Advice to students: “Be less about (the) literature and more about life.”
Advice to everyone: “Don’t study anything that isn’t interesting or fun. Don’t worry so much. And know when to give up.”
Answering a question from Steven Pinker on whether de-biasing should be part of the curriculum:
“It should be possible to give people the chance to slow down and reflect on what they are doing. But people can’t be reflective all the time. For decision making, structure is a good thing. But this isn’t the same as de-biasing.”
“A lot of decision making in firms and in government is of very poor quality. It has evolved, it has not been designed.”
The Power of Search and the trouble with economics
“If people are interested in economics, you can be pretty sure that the economy is in trouble.”
From Google search results, “The strongest correlations with “Hardest Place to live in America” are disability, diabetic, blood pressure, antichrist and the rapture.”
The thin line between honesty and dishonesty
“People normally only take a maximum of four free candies from a malfunctioning (experimentally fixed) vending machine, because five would be stealing.”
“People invite their friends to join in because of reverse social proof – if they do it, it makes it ok that you’ve done it.”
“Corruption is not about knowing that something is wrong – it’s about putting it into a place where you don’t care about it.” (e.g, not in the box marked ‘family’).
“Once you are in a corrupt environment, where the work takes place under different rules, behaviour changes very quickly.”
“The incidence of corruption and cheating is pretty similar across the world. But culture changes the domains in which corruption happens.”
“We think of ourselves in binary terms – we are either good or bad.”
“The logic of confession from the standpoint of an economist: if we can get absolution, why not cheat more. Even on the way to the church.”
“The standard models for understanding corruption are based on cost benefit analysis: the consequences of actions. But it’s actually more to do with rationalisation in the moment.”
“Whistleblowers are more likely to be women, because they aren’t part of ‘the boy’s club’ and aren’t betraying the group.”
“Drunk driving kills people, so we legislate to prevent it. But there are many other ways of killing people that we tolerate. Why?”
Markets are looking out for the naïve consumer – it could be you (some of the time)

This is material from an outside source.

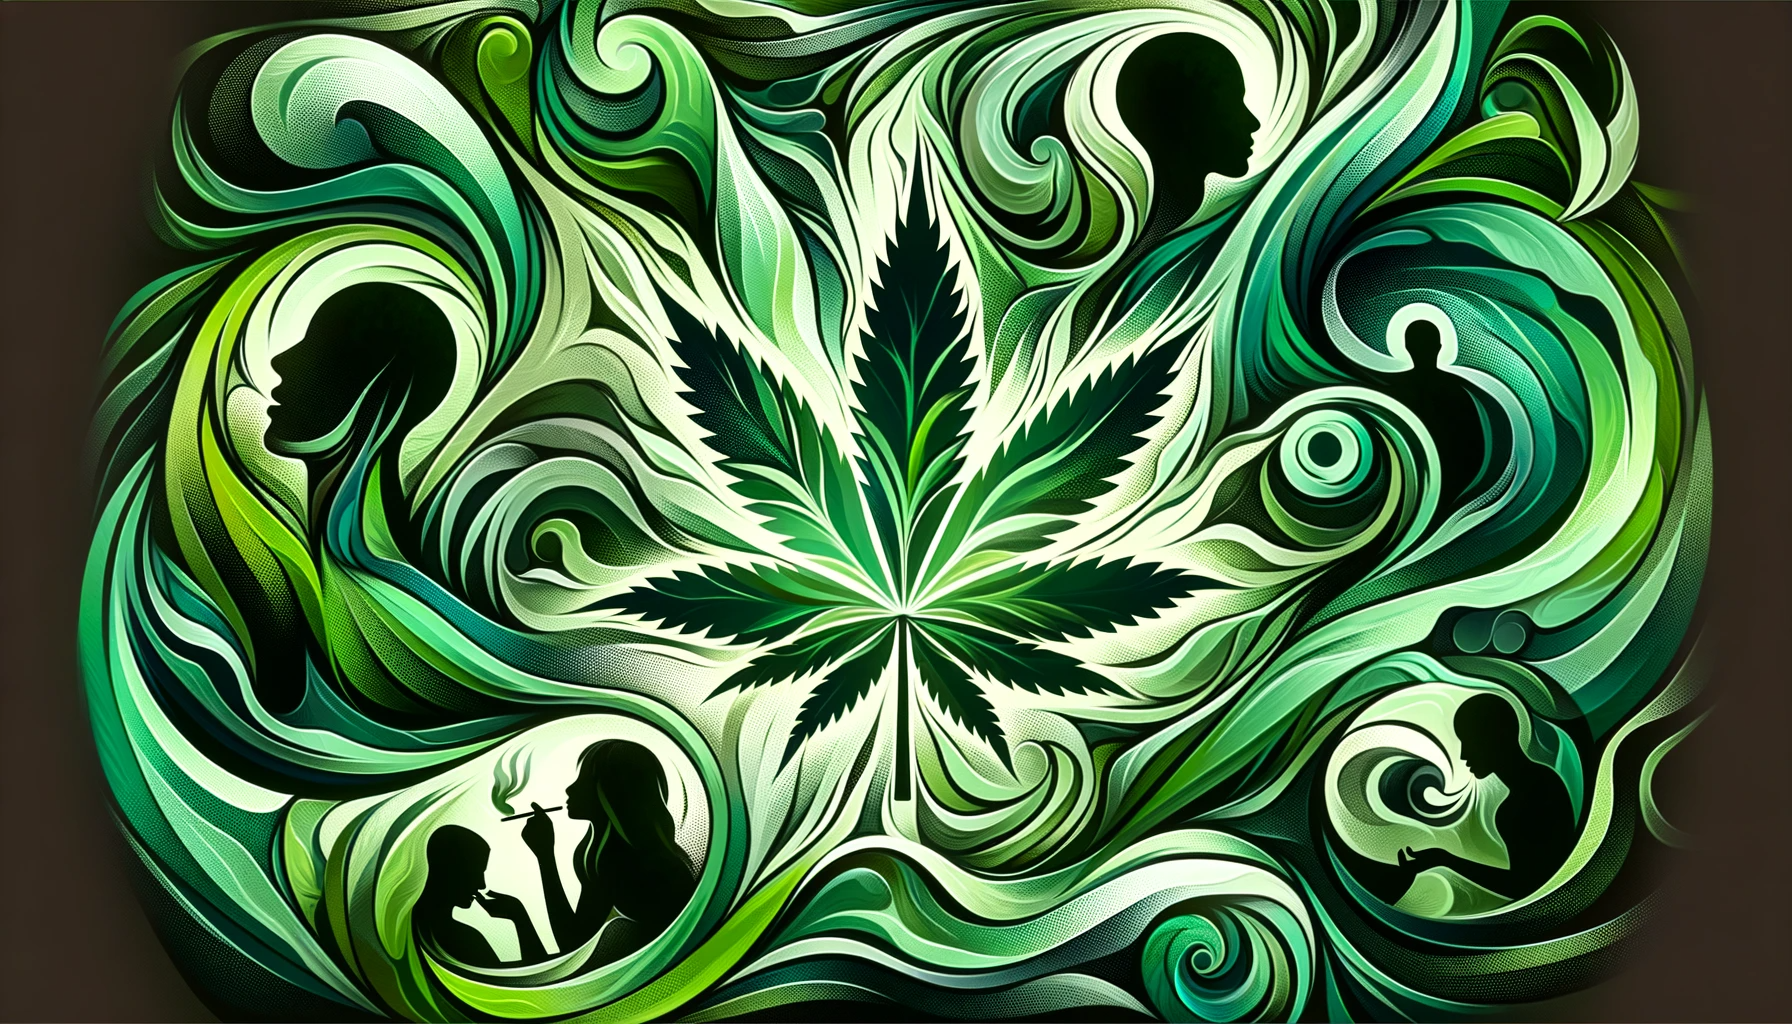 Claim: When used responsibly, marijuana has a beneficial effect on health and overall wellbeing.

“Consumers can be naïve or sophisticated, but not all the time. Even sophisticated consumers make mistakes, and markets are good at finding the instance when that mistake is made.”
Firms are not black boxes
“Because firms are run by humans, they may not always profit-maxmimise.”
“Regulatory remedies rely on people acting in certain ways. If these don’t happen, bad outcomes follow.”

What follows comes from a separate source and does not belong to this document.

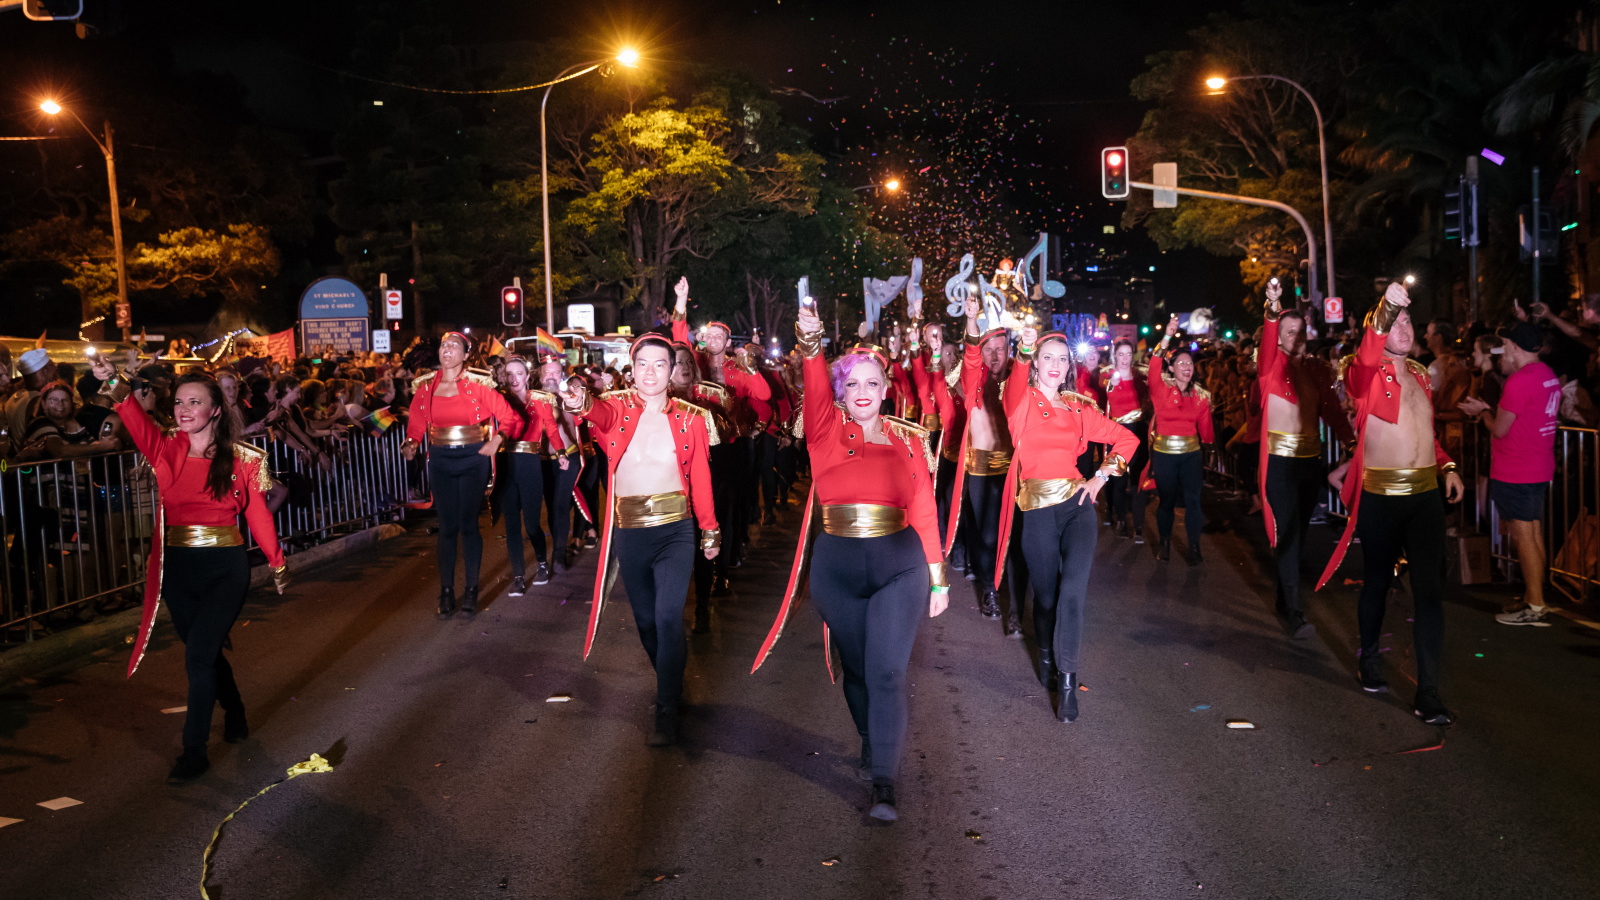 People marching in the street, dressed in red jackets and a gold belt.

“Behavioural economics can be incorporated into the market.”
Why mindless eating can be a good thing
“It’s easier to change your eating environment than to change your mind.”

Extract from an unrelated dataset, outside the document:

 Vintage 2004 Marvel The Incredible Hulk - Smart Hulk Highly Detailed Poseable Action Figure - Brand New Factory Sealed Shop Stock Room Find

“We don’t know what we like, and we don’t know why we do what we do. Both of which are opportunities to change behaviour.”
“In the US, it’s possible to predict a person’s weight based on about nine observable variables in their kitchen. If a cereal box is visible, they are likely to be 20lb heavier than their neighbours.”
Last but not least – a few concluding gems
“When it comes to food, the less you pay, the more you get.”
“If you have to go out of your way to think about healthy eating, you won’t do it.”
“The average British male is eating 200 calories a day more than he needs.”
“It’s important to learn from failure. It’s not just about saying ‘When it works, it’s all down to me and my colleagues. When it doesn’t work, we blame other factors.” You should not be afraid to create a situation in which interventions might fail – you could even give 3 “fails” a year to put in the bank”
“The ancient Greeks were familiar with ‘weakness of the will.’ People do not always do what’s best for themselves.”